YOUR TASK
The lines in the listing below are to be given again exactly, starting at the line holding "Jacquard Paisley Silk Tie 53 Pink, 3 of 2" and ending at the line holding "La rivoluzione tecnologica". Do not include pictures.

──────── INFORMATION SUPPLIED

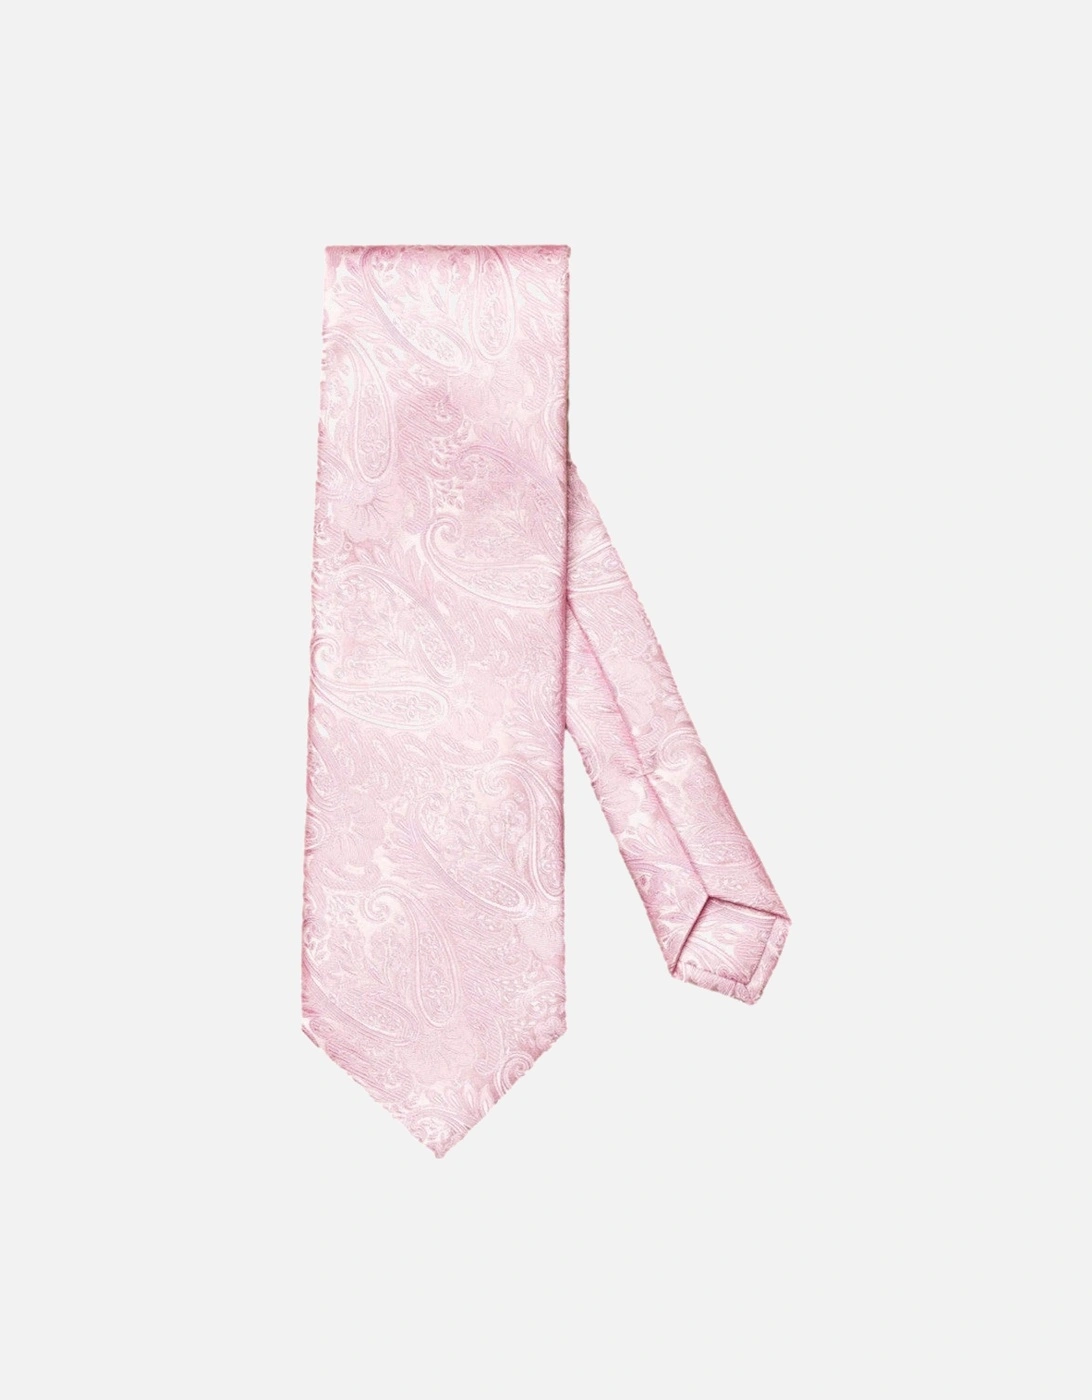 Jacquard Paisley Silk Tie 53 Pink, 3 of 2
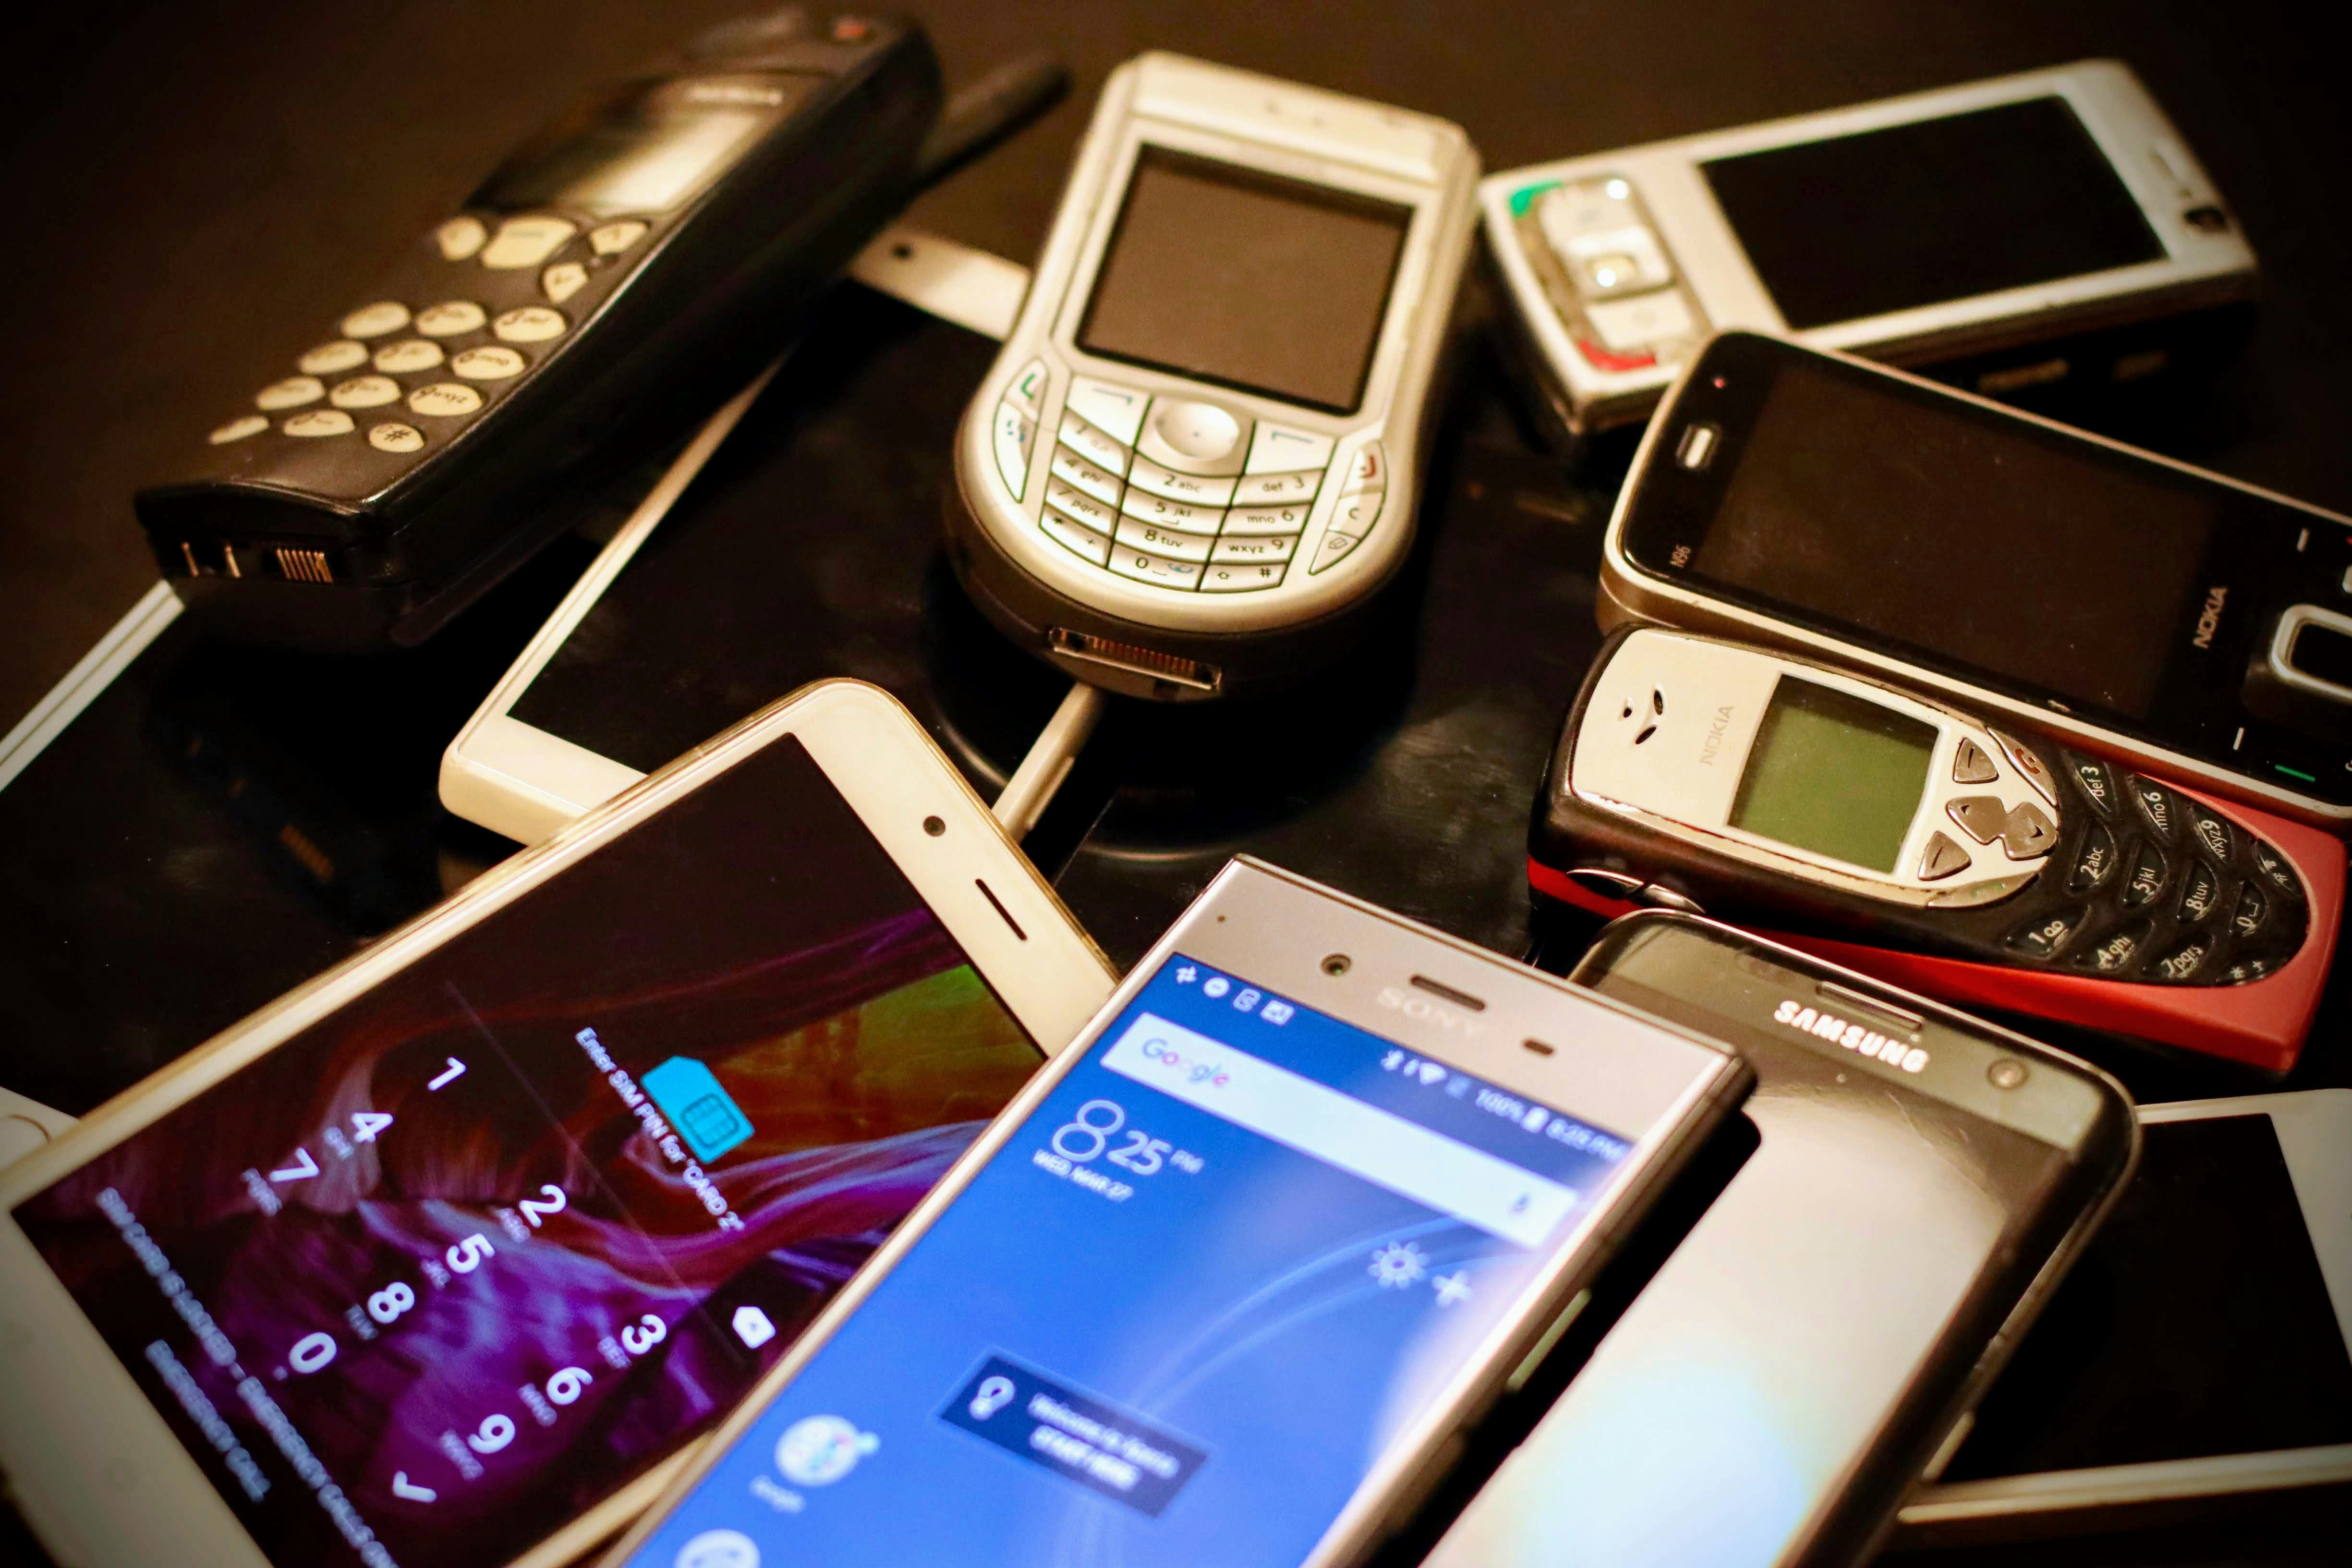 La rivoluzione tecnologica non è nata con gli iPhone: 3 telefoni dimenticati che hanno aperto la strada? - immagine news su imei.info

────────────────
──────── INFORMATION SUPPLIED

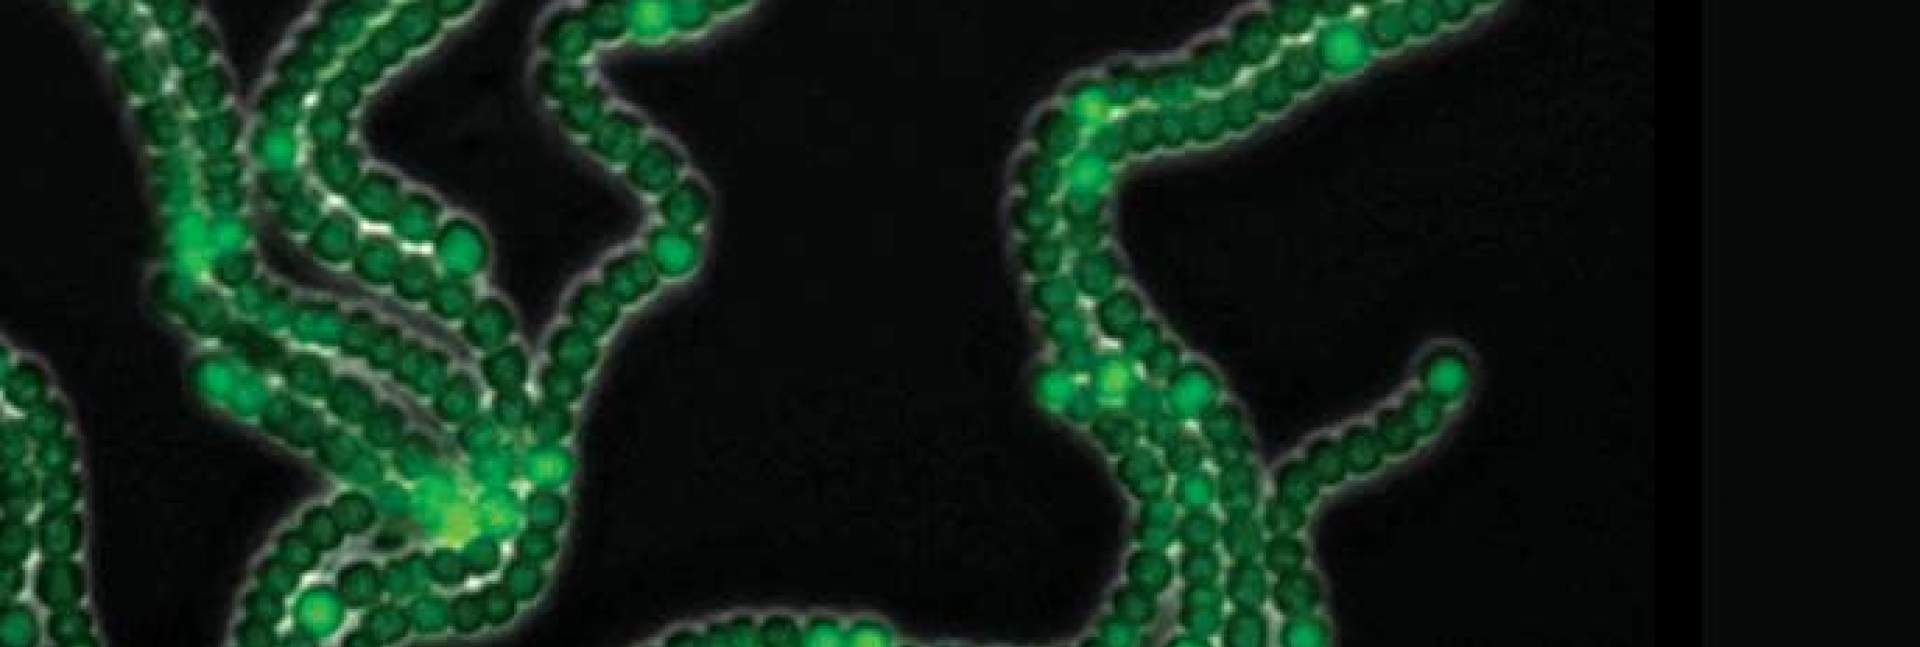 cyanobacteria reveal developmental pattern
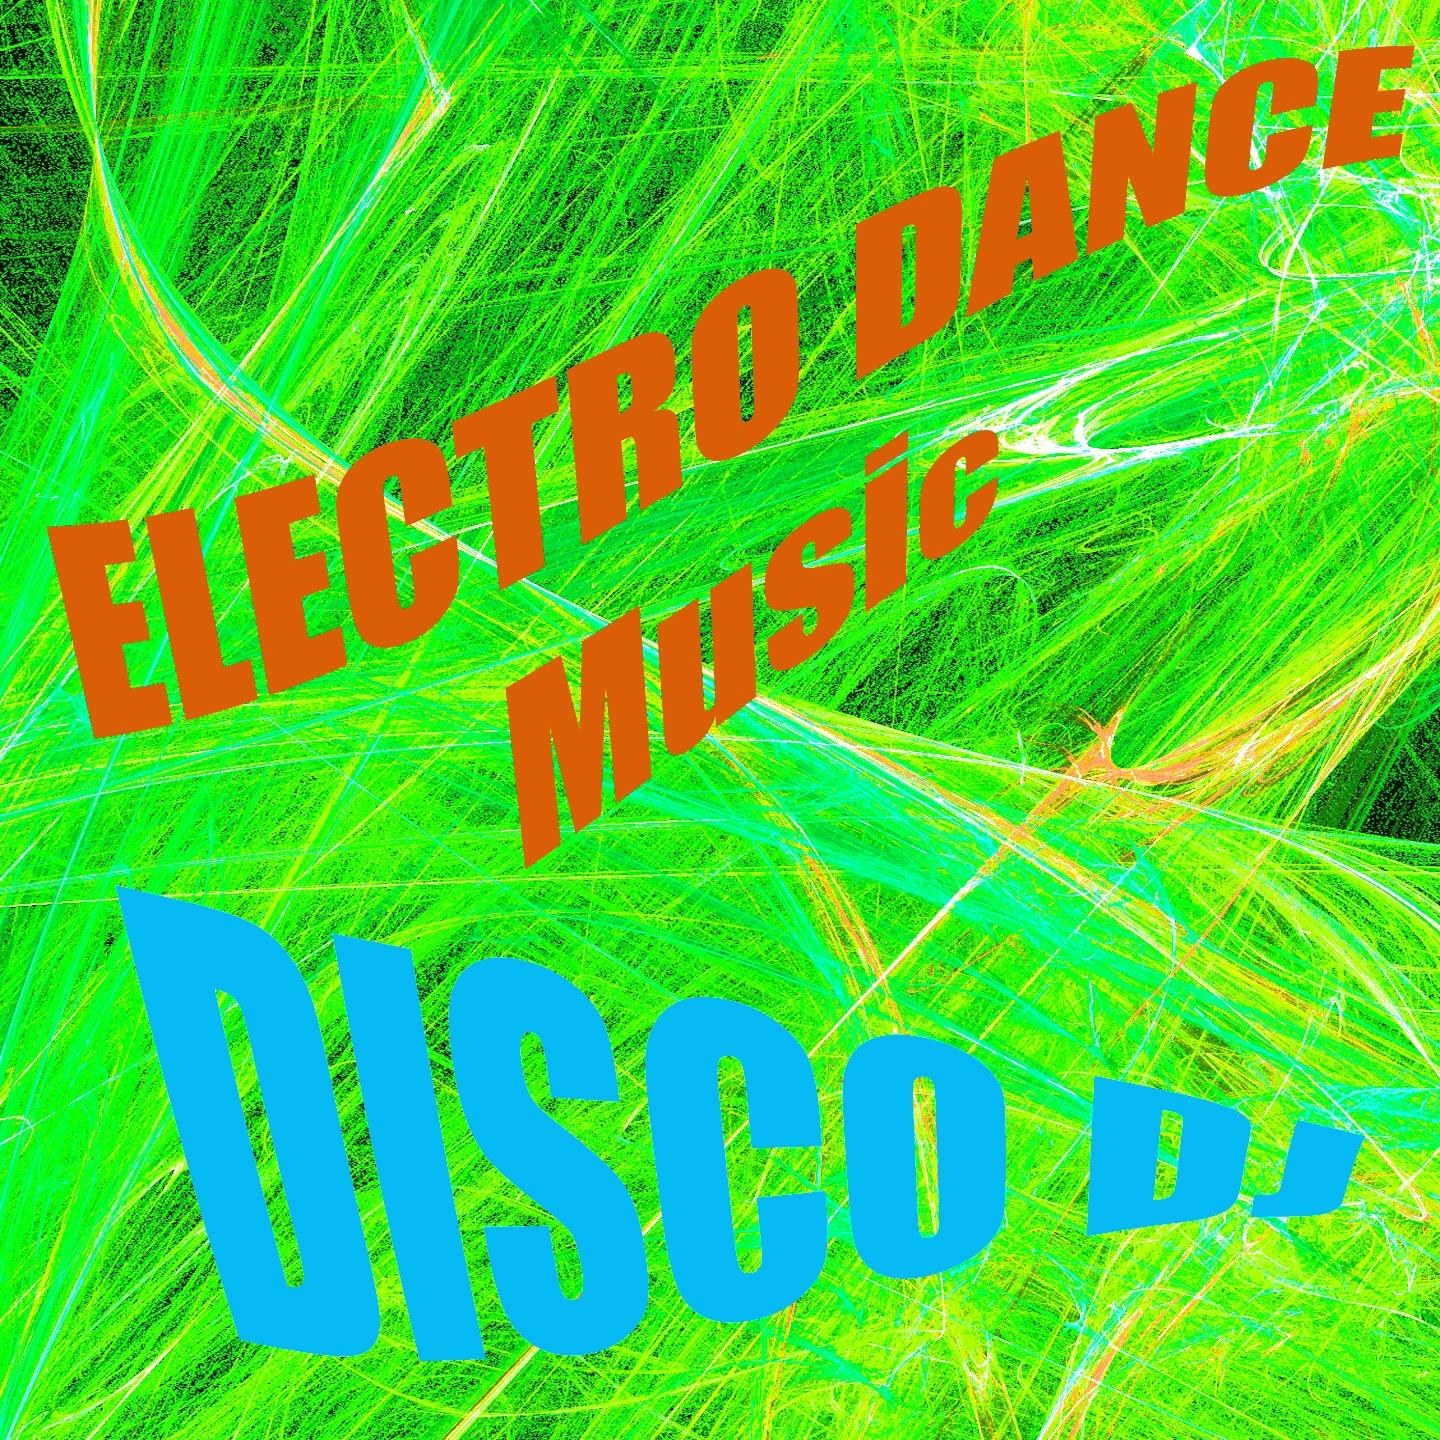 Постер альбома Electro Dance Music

────────────────

TASK ANSWER
 Jacquard Paisley Silk Tie 53 Pink, 3 of 2
 La rivoluzione tecnologica non è nata con gli iPhone: 3 telefoni dimenticati che hanno aperto la strada? - immagine news su imei.info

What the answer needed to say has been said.